CTW1500 is a challenging dataset designed for detecting long, curved text. Created by Yuliang et al., it contains 1,000 training images and 500 test images. Unlike traditional text datasets like ICDAR 2015 and ICDAR 2017 MLT, CTW1500 annotates text instances using 14-point polygons, allowing it to describe arbitrarily shaped curved text.
Total-Text

Total-Text is a newly released curved text detection dataset that includes horizontal, multi-oriented, and curved text instances. The dataset contains 1,255 training images and 300 test images.
ICDAR 2015

ICDAR 2015 is a widely-used dataset in text detection, consisting of 1,500 images, with 1,000 for training and 500 for testing. Text regions are annotated as quadrilaterals with four vertices.
ICDAR 2017 MLT

IC17-MLT is a large-scale multi-lingual text dataset that includes 7,200 training images, 1,800 validation images, and 9,000 test images. It contains full scene images across nine languages, making it a comprehensive dataset for multi-lingual text detection.

Training Strategy

A pre-trained ResNet on ImageNet is used as the backbone, and the optimization is performed using Stochastic Gradient Descent (SGD).

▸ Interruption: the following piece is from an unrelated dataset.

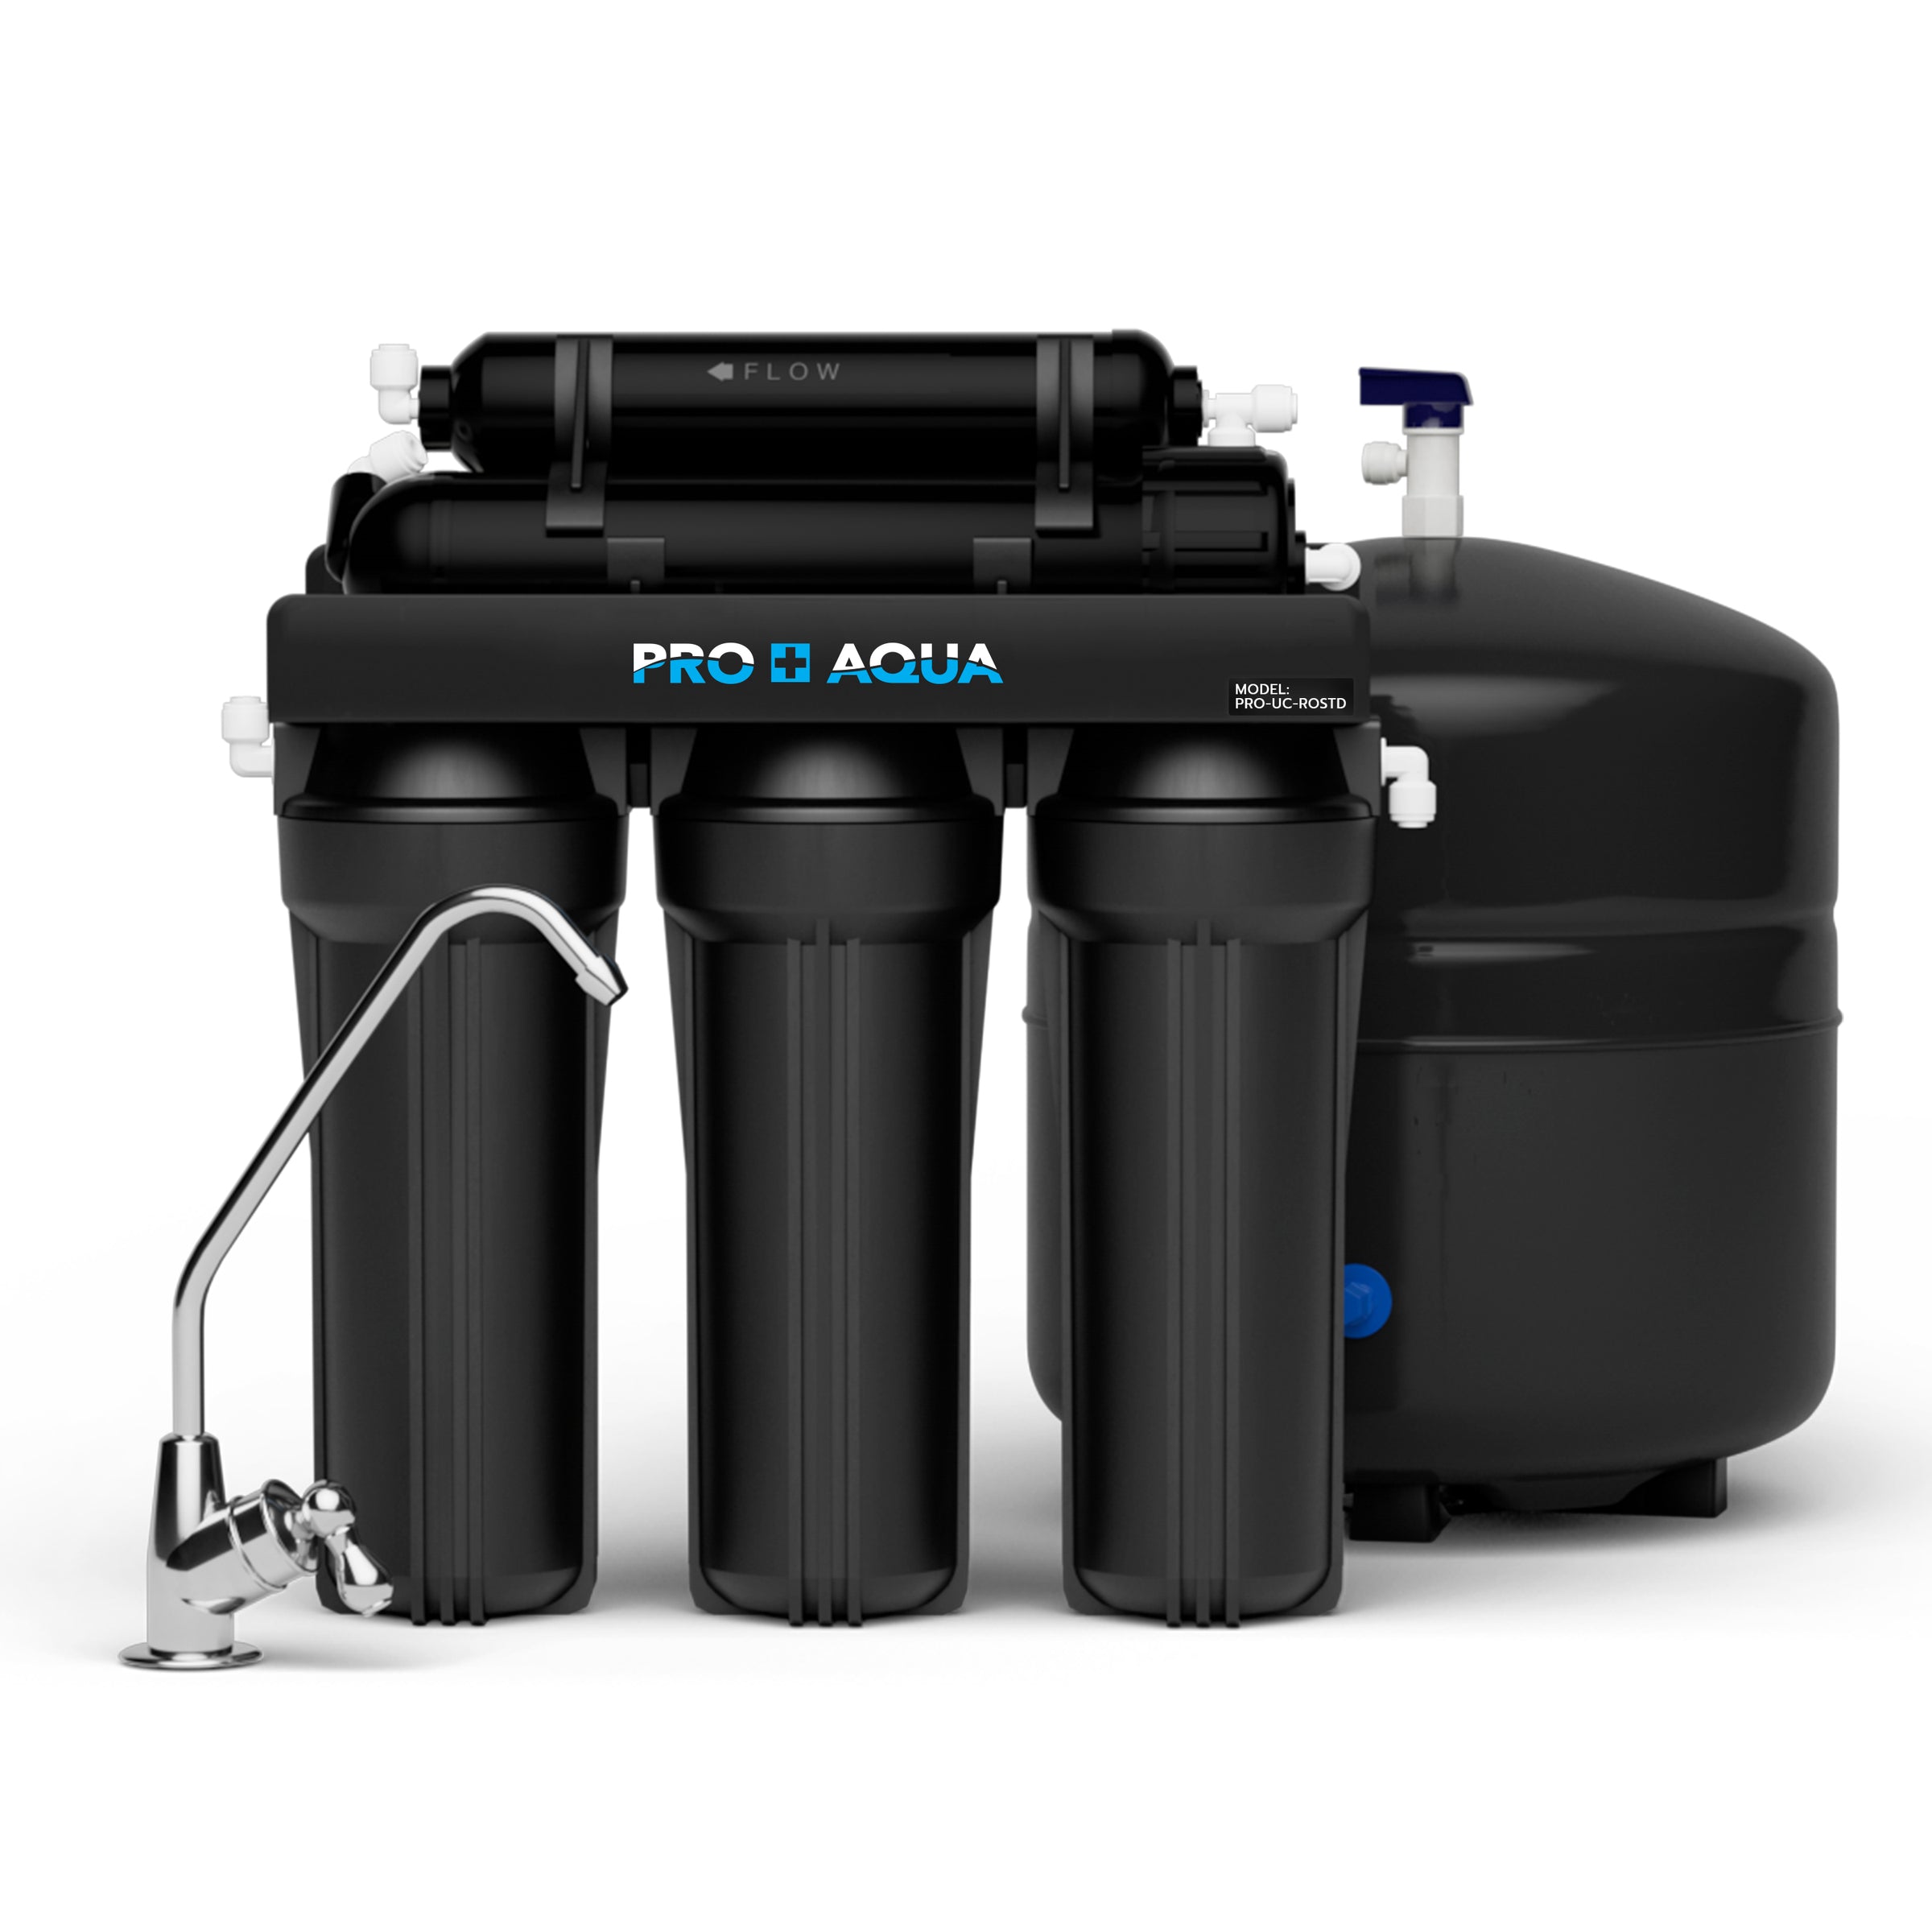 Pro+Aqua Premium 100 GPD Reverse Osmosis System, Fast Flow, 6 gal holding tank, Black $172.47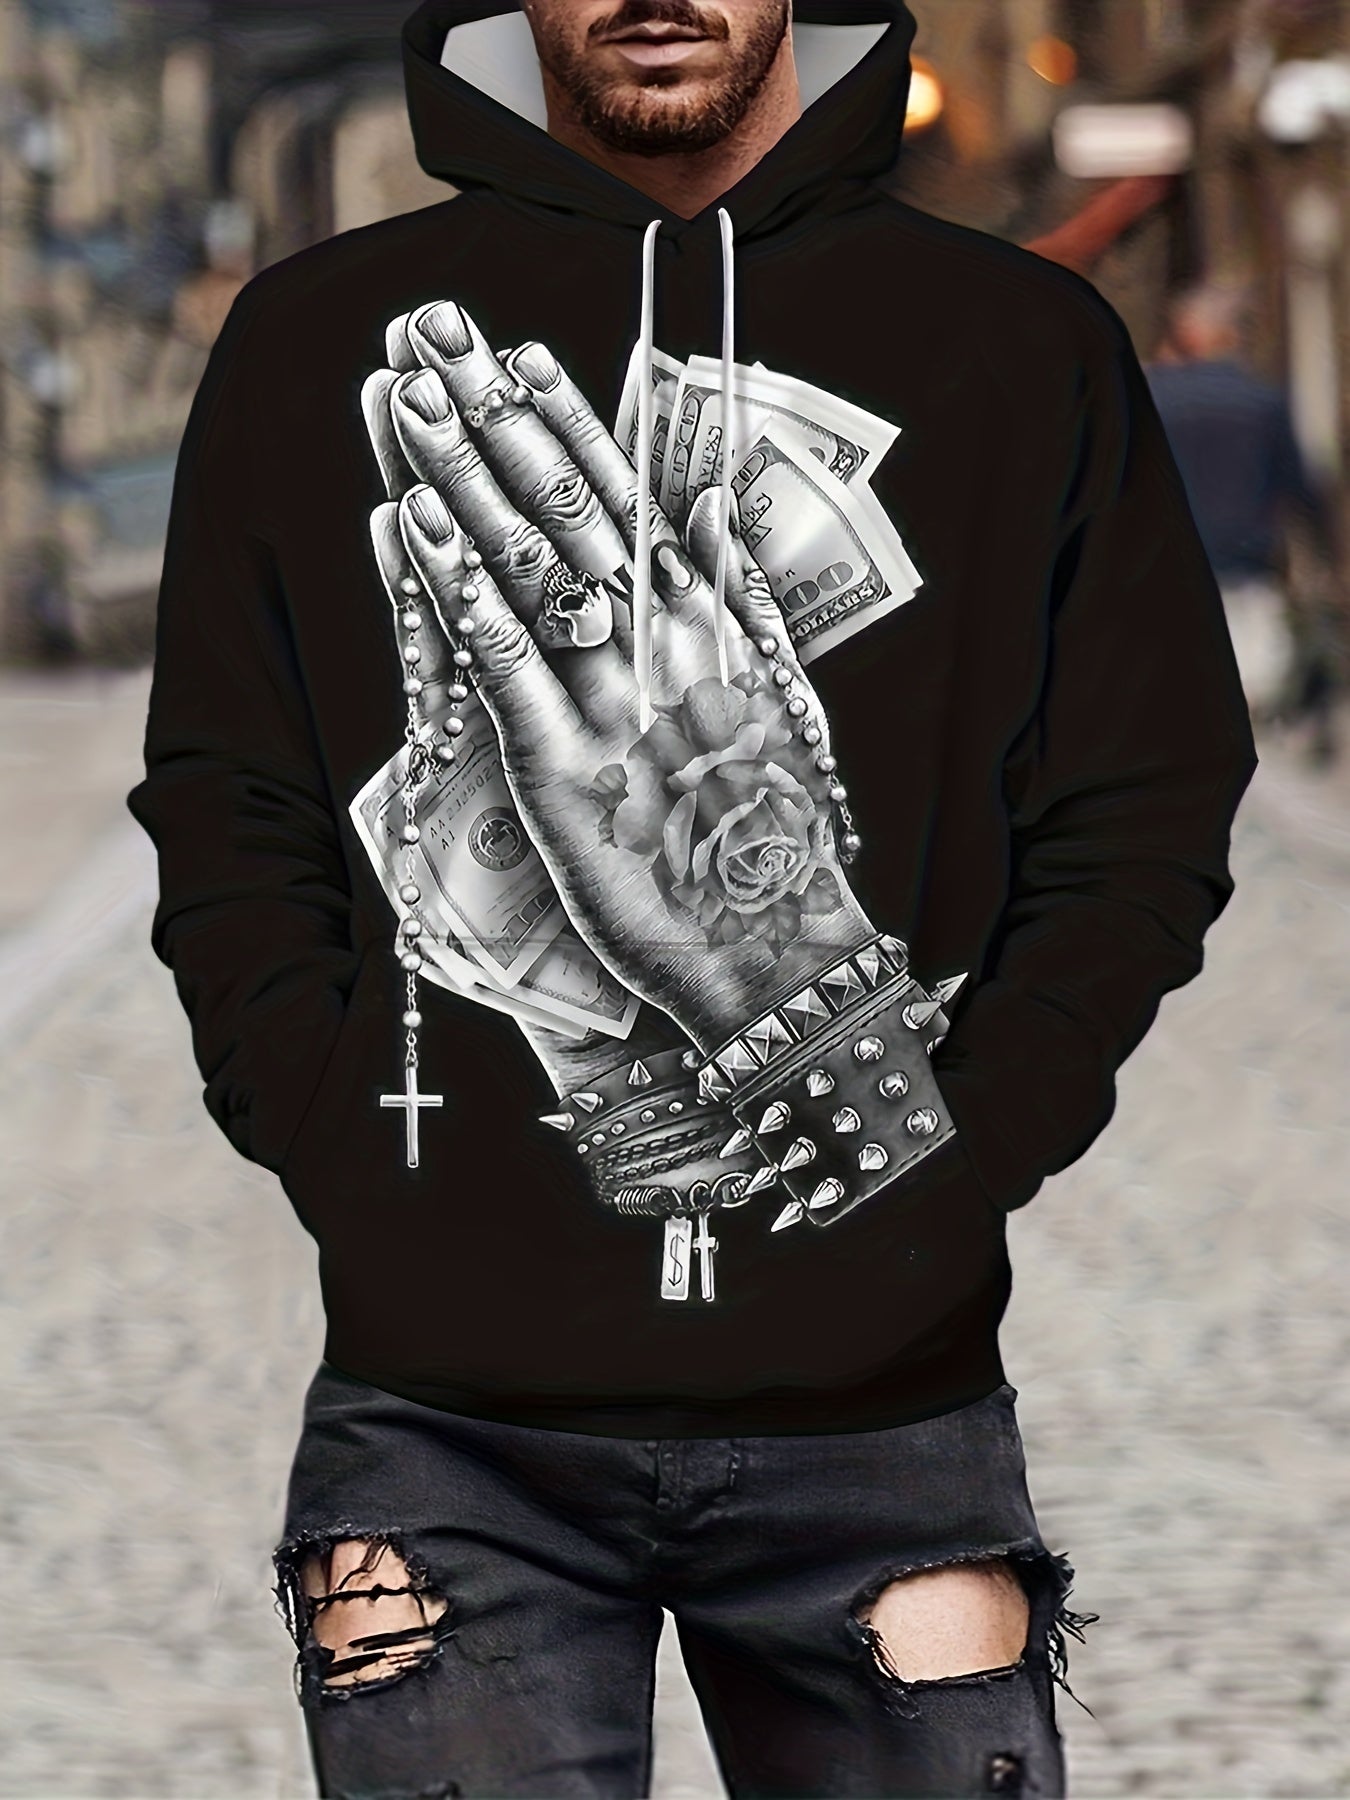 Retro Praying Hands Print Hoodie, Cool Hoodies For Men, Men

The training strategy for the IC17-MLT dataset differs from others:

For IC17-MLT training, no additional data (e.g., SynthText) was used. The model is trained with a batch size of 16 using 4 GPUs, running for 180K iterations. The initial learning rate is set to $1 \times 10^{-3}$ , which is decreased by a factor of 10 at 60K and 120K iterations.

For datasets other than IC17-MLT, the training strategy is as follows:

The batch size remains at 16, using 4 GPUs for 36K iterations. The initial learning rate is set to $1 \times 10^{-3}$ , and reduced by a factor of 10 at 12K and 24K iterations.

The model is then fine-tuned on the IC17-MLT dataset for 24K iterations, starting with an initial learning rate of $1 \times 10^{-4}$ , which is decreased by a factor of 10 after 12K iterations.

Optimization and Parameter Settings
- Weight decay is set to $5 \times 10^{-4}$ , Nesterov momentum is 0.99, and no damping is applied.
- During training, blurry text regions labeled as "DO NOT CARE" across all datasets are ignored.
- The balancing parameter $\lambda$ for the loss function is set to 0.7, and the negative-positive sample ratio for OHEM is 3.
Data Augmentation Strategy
- Images are scaled randomly with ratios of [0.5, 1.0, 2.0, 3.0].
- Random horizontal flips and rotations are applied, with a range of ±10 degrees.
- A $640 \times 640$ patch is randomly cropped from the transformed image.
Result Generation
- For quadrilateral text datasets, the minimum area rectangle is computed to extract the bounding box.
- For curved text datasets, the PSE output is applied to generate the final results.

Discussion

Impact of Component Design

psenet ablation

Can the Kernel Block Serve as the Final Output?

The answer is no.

The kernel block's purpose is to roughly locate text instances and distinguish adjacent text. However, the smallest-scale kernel block cannot cover the full text region, negatively impacting text detection and recognition. As shown in figure (a), using only the smallest kernel block as the final result leads to poor F-measure performance on both the ICDAR 2015 and CTW1500 datasets.
Effect of Minimum Kernel Size

The authors study the impact of the minimum kernel size $m$ by setting the number of kernels $n = 2$ and varying $m$ from 1 to 0.1.

As shown in figure (a), when $m$ is too large or too small, the F-measure on the test set decreases. At $m = 1$ , only the text segmentation map is used as the final result, without using the Progressive Scale Expansion (PSE) algorithm. Results show that without PSE, the baseline performance is unsatisfactory, as the network fails to distinguish between adjacent text instances.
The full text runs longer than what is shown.